__TASK TO CARRY OUT__.
With the pictures set aside, write out all of the data exactly as it stands.

__RECORDED INFORMATION__.
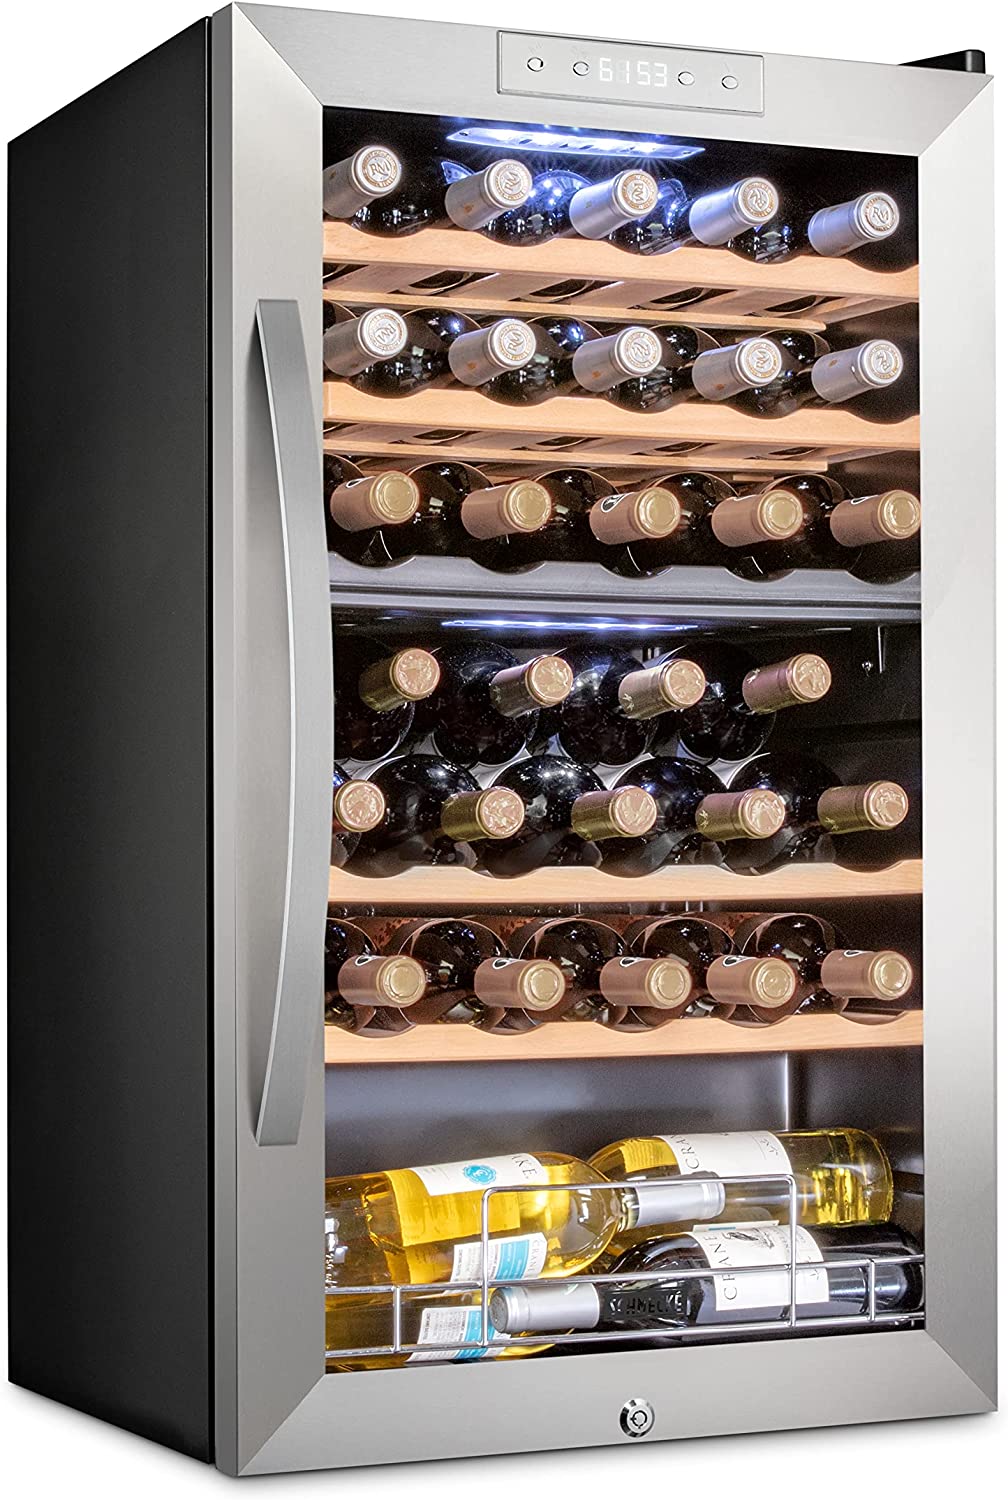 Galanz Built-In Wine Cooler, 47 Bottle - Stainless Steel
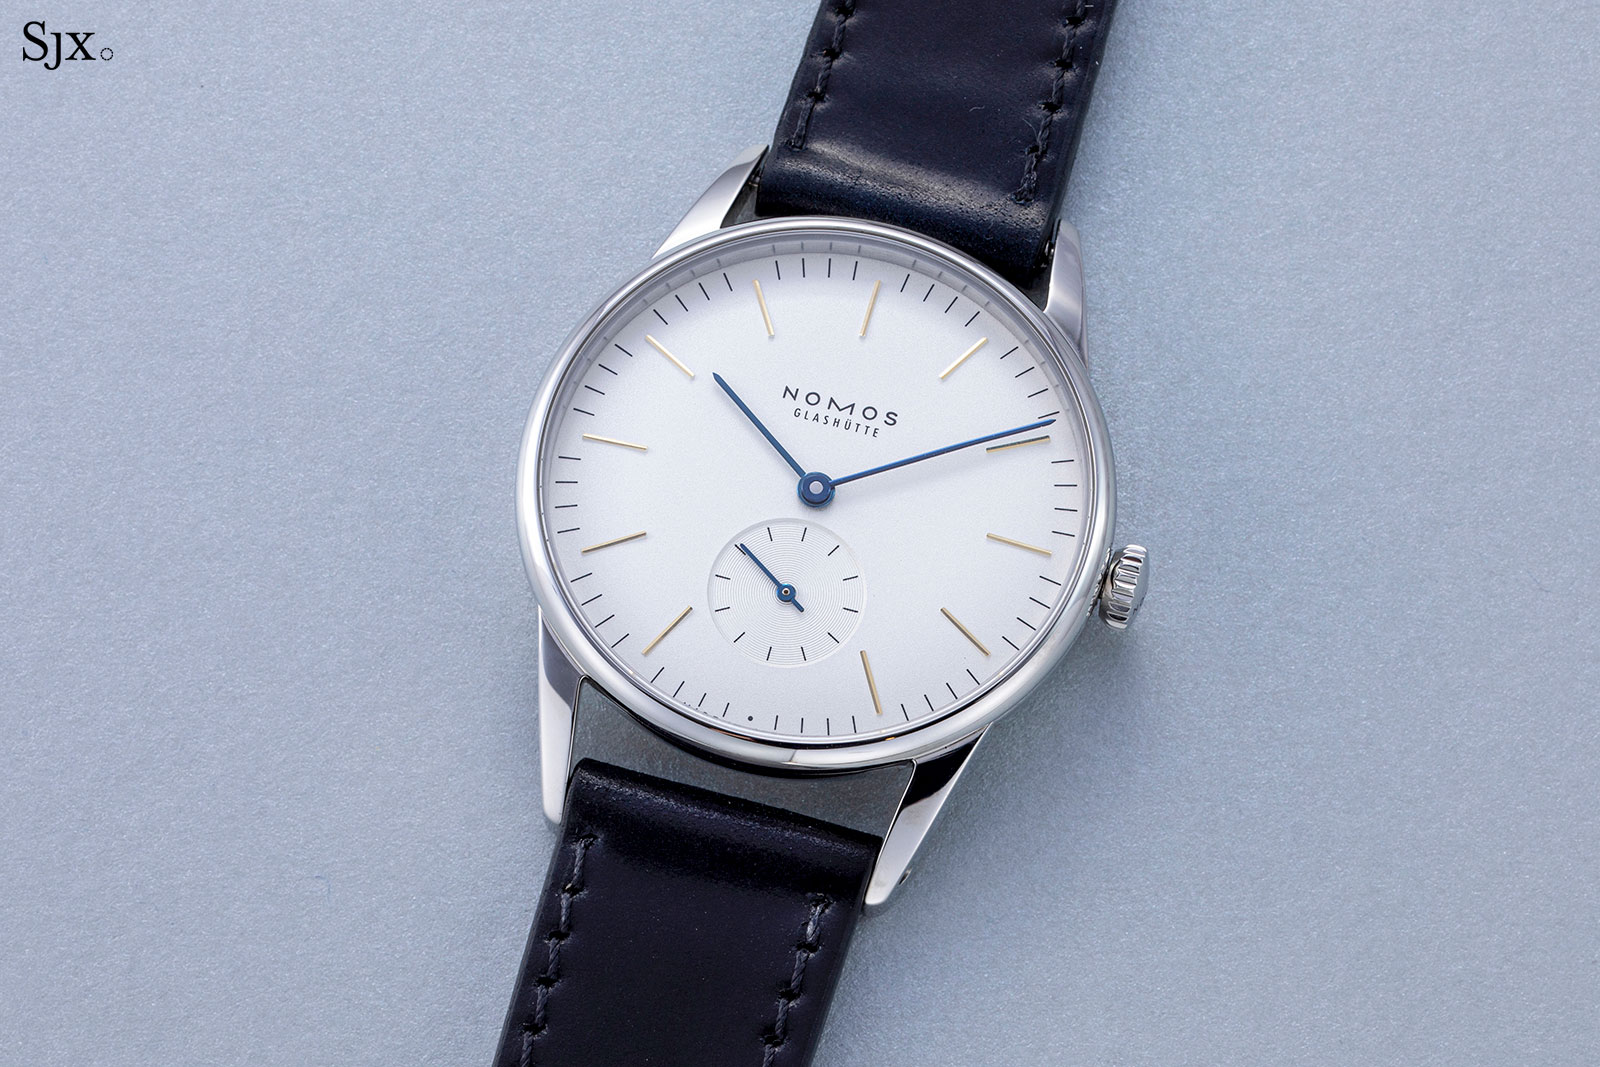 Up Close: Nomos Orion Hand-Wind | SJX Watches
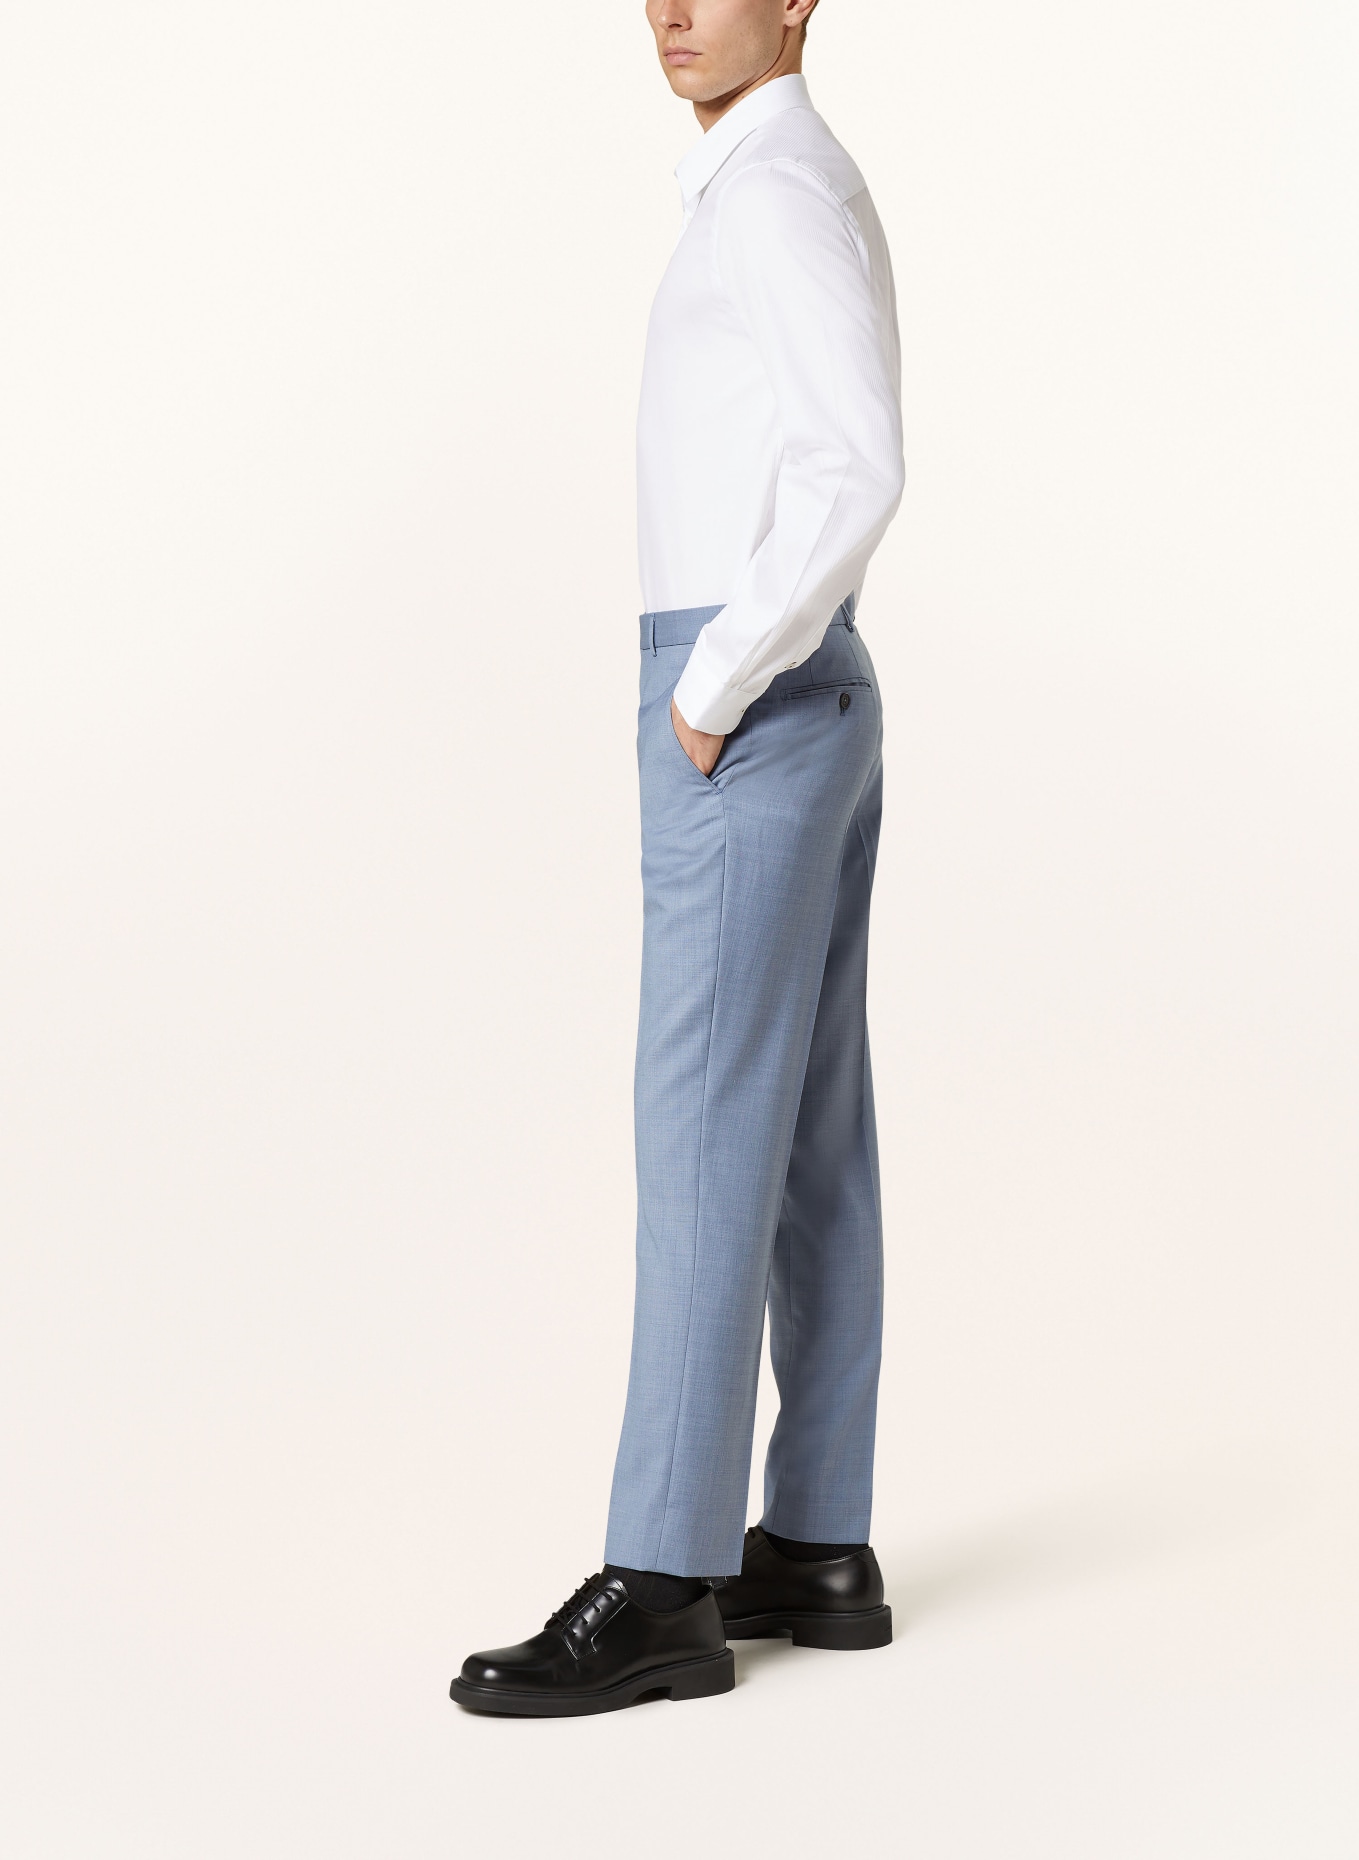 TED BAKER Anzughose ORIONT Slim Fit, Farbe: BLUE BLUE (Bild 5)

__EXERCISE ANSWER__.
 Galanz Built-In Wine Cooler, 47 Bottle - Stainless Steel
 Up Close: Nomos Orion Hand-Wind | SJX Watches
 TED BAKER Anzughose ORIONT Slim Fit, Farbe: BLUE BLUE (Bild 5)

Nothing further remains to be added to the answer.